Anti-KC Autoantibody:KC Complexes Cause Severe Lung Inflammation in Mice Via IgG Receptors

Agnieszka Krupa1, Maria J Walencka1, Vivek Shrivastava2, Tameka Loyd1, Rafal Fudala1, Charles W Frevert3, Thomas R Martin4, and Anna K Kurdowska1*

1 Department of Biochemistry, University of Texas Health Center, Tyler, Texas, USA, 2 Sheffield University, Cardiovascular Research Group, Division of Clinical Sciences (North), Sheffield, United Kingdom, 3 Harborview Medical Center, Section of Pulmonary and Critical Care Medicine, Seattle, Washington, USA, 4 Harborview Medical Center, Section of Pulmonary and Critical Care Medicine, Seattle, Washington, USA; Seattle VA Medical Center, Medical Research Service, Seattle, Washington, USA

* To whom correspondence should be addressed.

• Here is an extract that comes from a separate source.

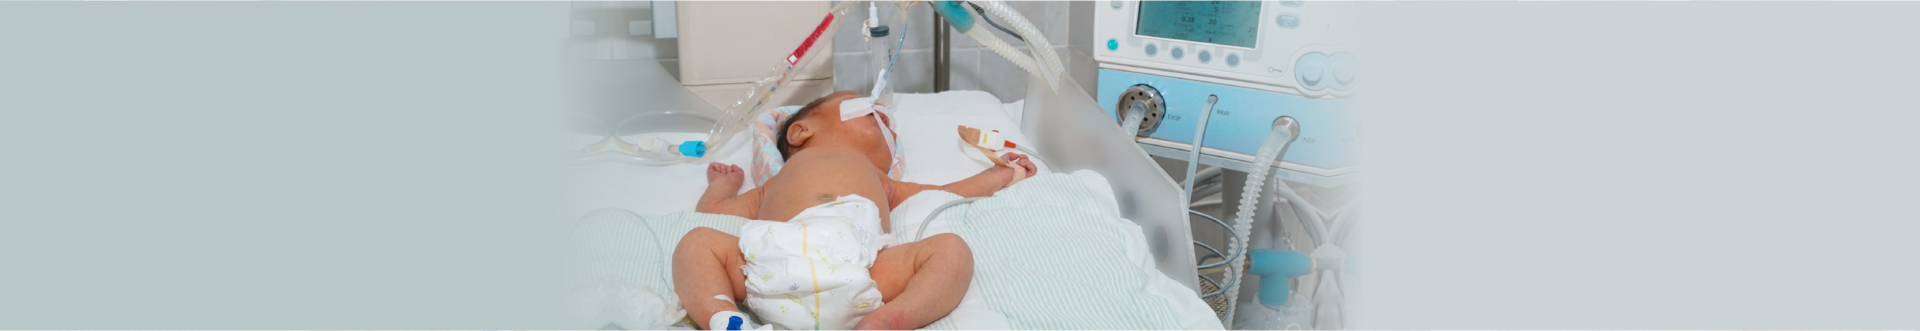 Newborn baby with hyperbilirubinemia on breathing machine or ventilator with pulse oximeter sensor and peripheral intravenous catheter in neonatal intensive care unit at children's hospital

E-mail: anna.kurdowska{at}uthct.edu.

We have shown previously that high concentrations of IL-8 associated with anti-IL-8 autoantibodies (anti-IL-8:IL-8 complexes) are present in lung fluids from patients with the acute respiratory distress syndrome (ARDS), and correlate both with the development and outcome of ARDS. We also detected deposition of these complexes in lung tissues from ARDS patients but not in control tissues. Moreover, we determined that IgG receptors (Fc{gamma}Rs) mediate activity of anti-IL-8:IL-8 complexes. In the current study we generated anti-KC autoantibody:KC immune complexes (KC - functional IL-8) in lungs of mice to develop a mouse model of autoimmune complex - induced lung inflammation. Both wild type (WT) and {gamma}-chain deficient mice that lack receptors for immune complexes (Fc{gamma}Rs) were studied. First, the mice were immunized with KC to induce anti-KC autoantibodies. Then, KC was administered intratracheally to generate anti-KC:KC complexes in the lung. Presence of anti-KC:KC complexes was associated with development of severe pulmonary inflammation that was, however, dramatically suppressed in {gamma}-chain deficient mice. Secondly, because sepsis is considered the major risk factor for development of ARDS, we evaluated LPS treated WT as well as {gamma}-chain deficient mice for the presence of anti-KC:KC complexes and pulmonary inflammatory responses. We detected complexes between anti-KC autoantibodies and KC in lung lavages and tissues of mice treated with LPS. Moreover, {gamma}-chain deficient mice that lack receptors for immune complexes were protected from LPS - induced pulmonary inflammation. Our results suggest that immune complexes containing autoantibodies contribute to development of lung inflammation in LPS-treated mice.